Dogs are not the only ones cracking up. Not long ago, the E! television channel ran a spoof commercial on skipping. The spot "promoted" a skipping video that caters to all fitness levels and then showed a fat man skipping across his office to get some doughnuts. There is even a cynical Web site,, that takes a dim view of the skipping movement and once named Corbin "Moron of the Month."

To Corbin, these digs are simply proof that the movement is taking hold. Judging by the running diary that she keeps on her Web site, it's doubtful that anything short of skipping off a cliff could dampen her enthusiasm: "When the judgment of others is no longer an issue," she writes, "magical things can happen. Your spirit is free to soar and the kid in you remembers what it feels like to believe that anything is possible."

Sunday's event may have been the first interstate skip, Missouri to Illinois and back, although it was not the first bridge skip. In October, the Skippers of New York held a Brooklyn Bridge skip. Twenty adults showed up. Meanwhile, a half-continent away, the view from the old Chain of Rocks Bridge is magnificent, with the Arch and downtown St. Louis off some 10 miles to the south.
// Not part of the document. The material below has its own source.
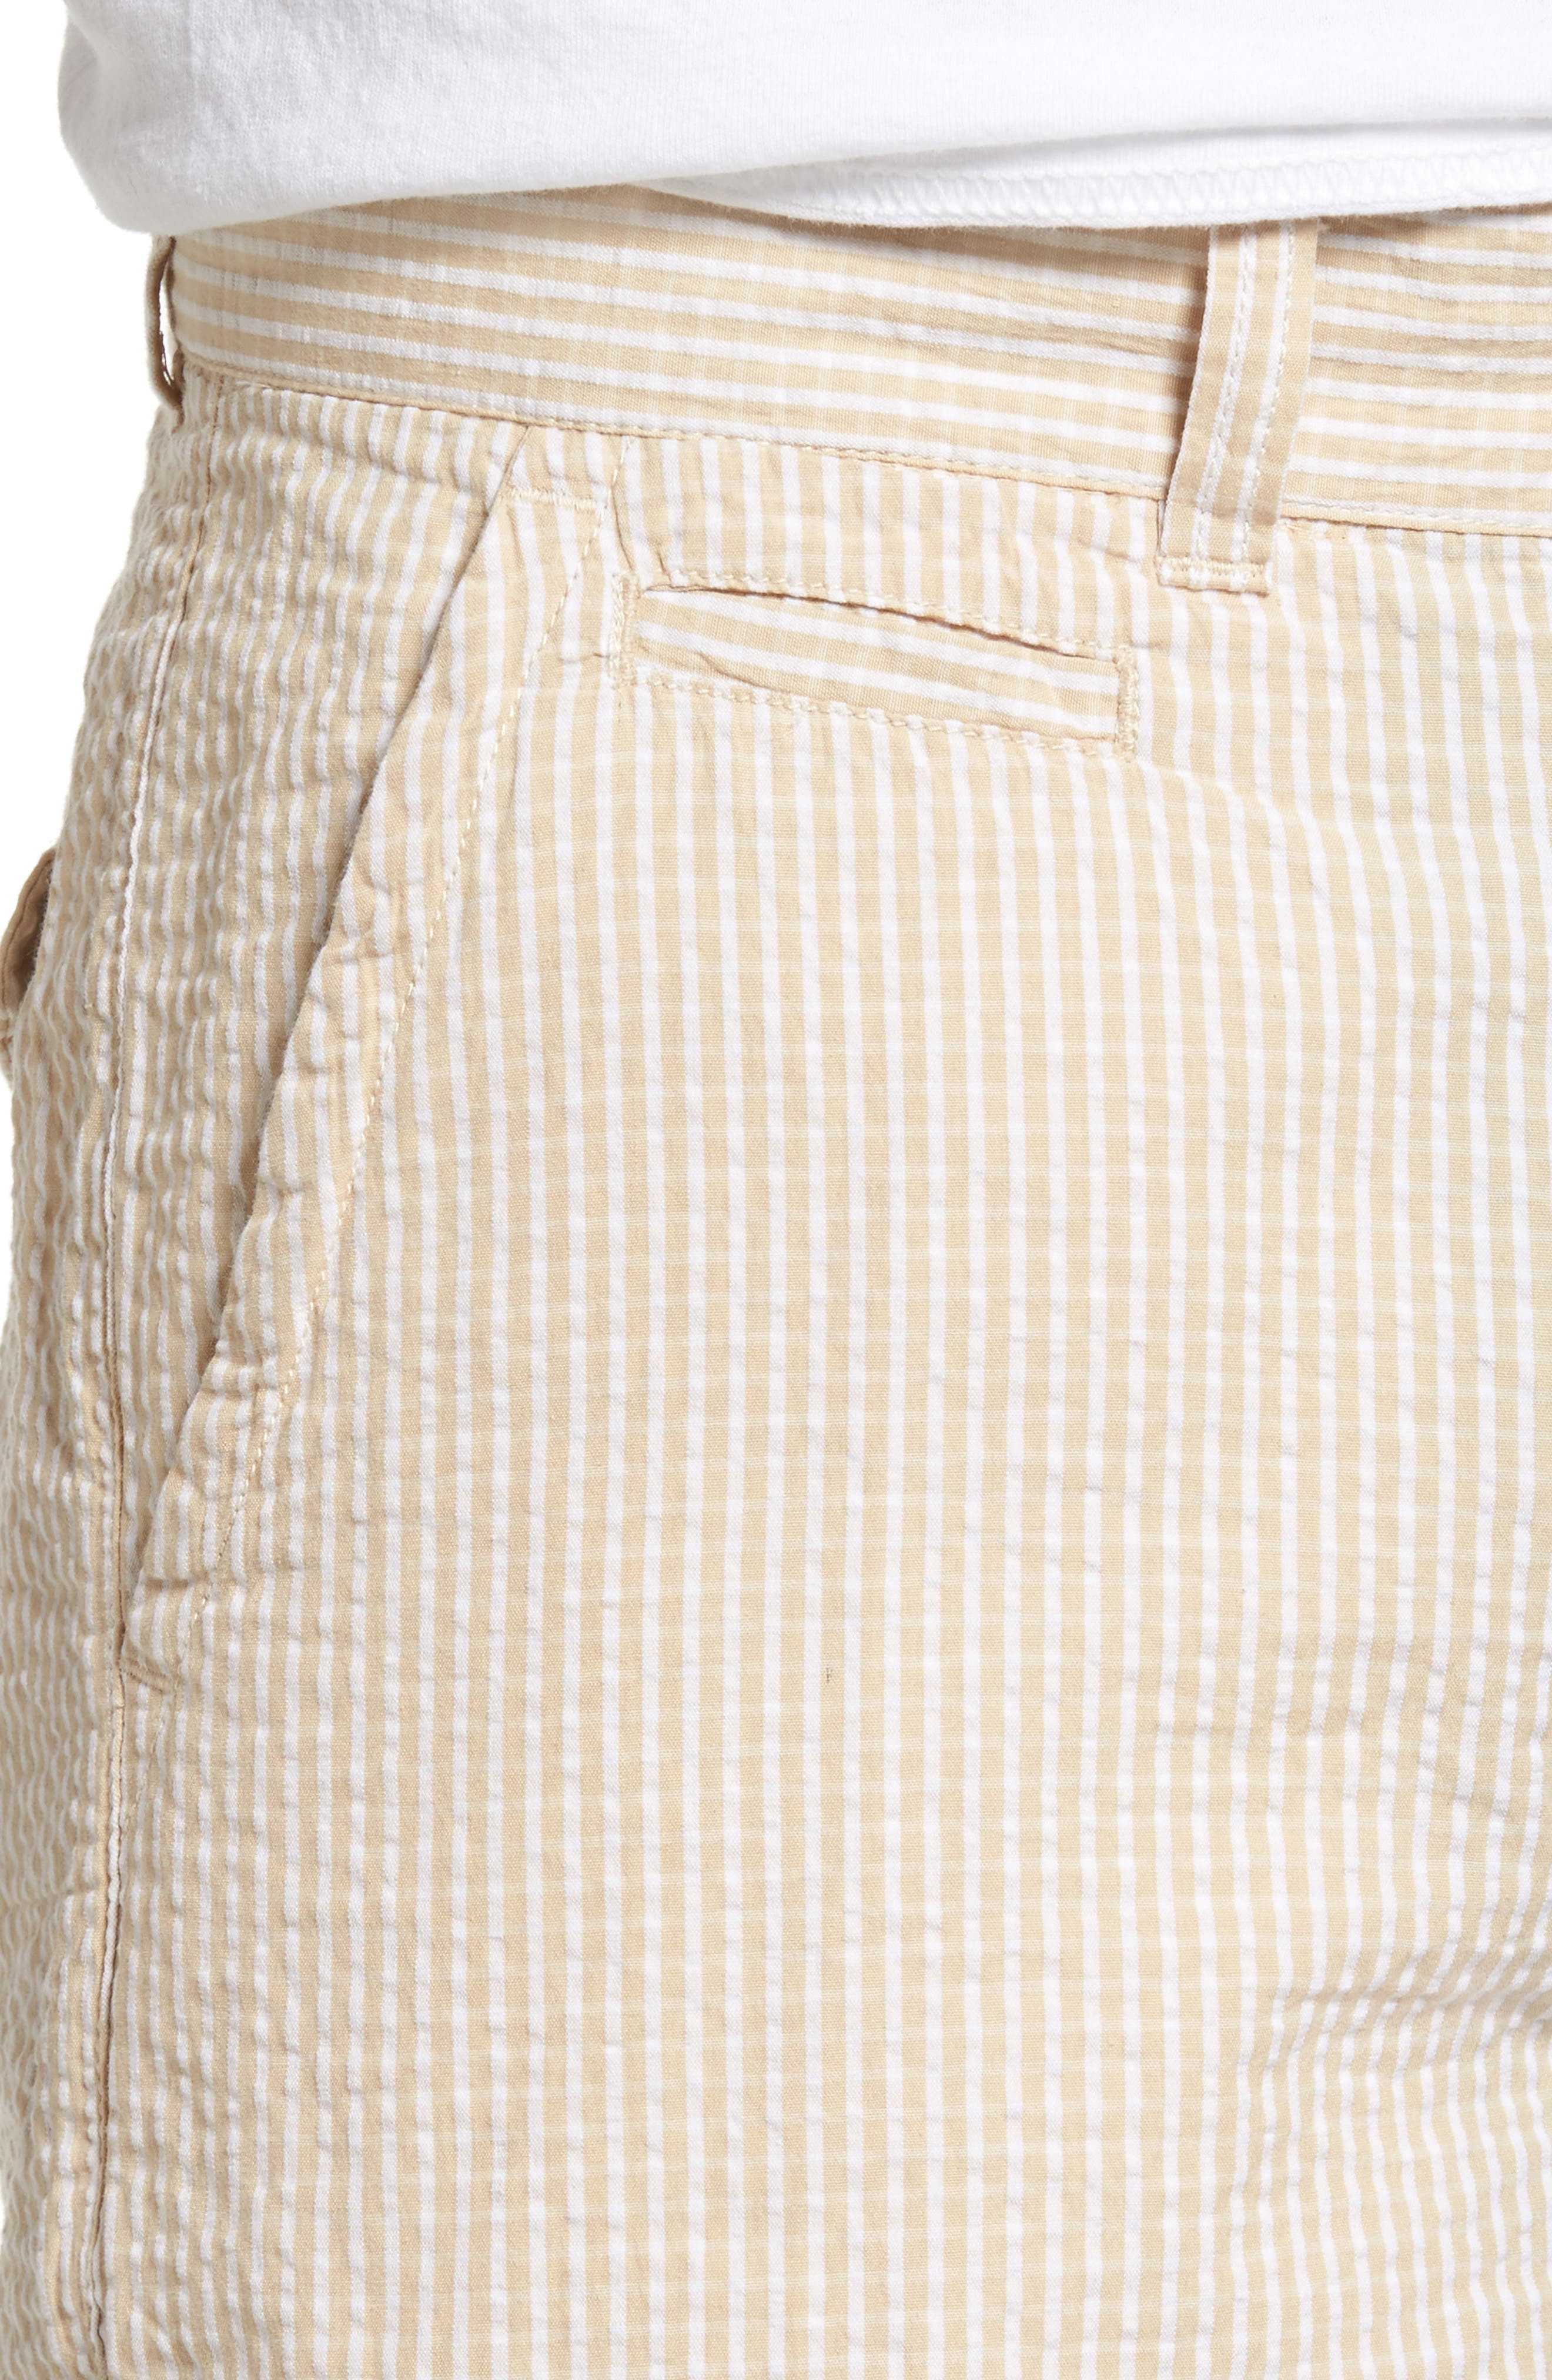 Stripe Seersucker Shorts,                             Alternate thumbnail 4, color,                             Tan

Lane says it's really OK to stop for a gander. "Skipping is supposed to be fun," she stresses. "Don't worry about the distance. Many skippers walk for most of their workout and add a block or two of skipping to raise heart rate. Some skip for miles at a time, and others skip a few steps to elevate their mood. The way you skip is entirely up to you."

Lane passes out "iskip" bumper stickers to the walkers on the bridge. Some gawk and guffaw at the jouncing group, but others, less inhibited, catch the mood and skip along for a few yards. "You see?" says Lane. "Skipping is a spontaneous outburst, something to do with your body when you're in a good mood."

She's talking about holding regular skips once a month in novel locations. Or maybe she'll take a cue from the San Francisco group, which enjoys happy-hour skips, teetering from watering hole to watering hole. Whatever the location, rest assured -- they will be easy to spot.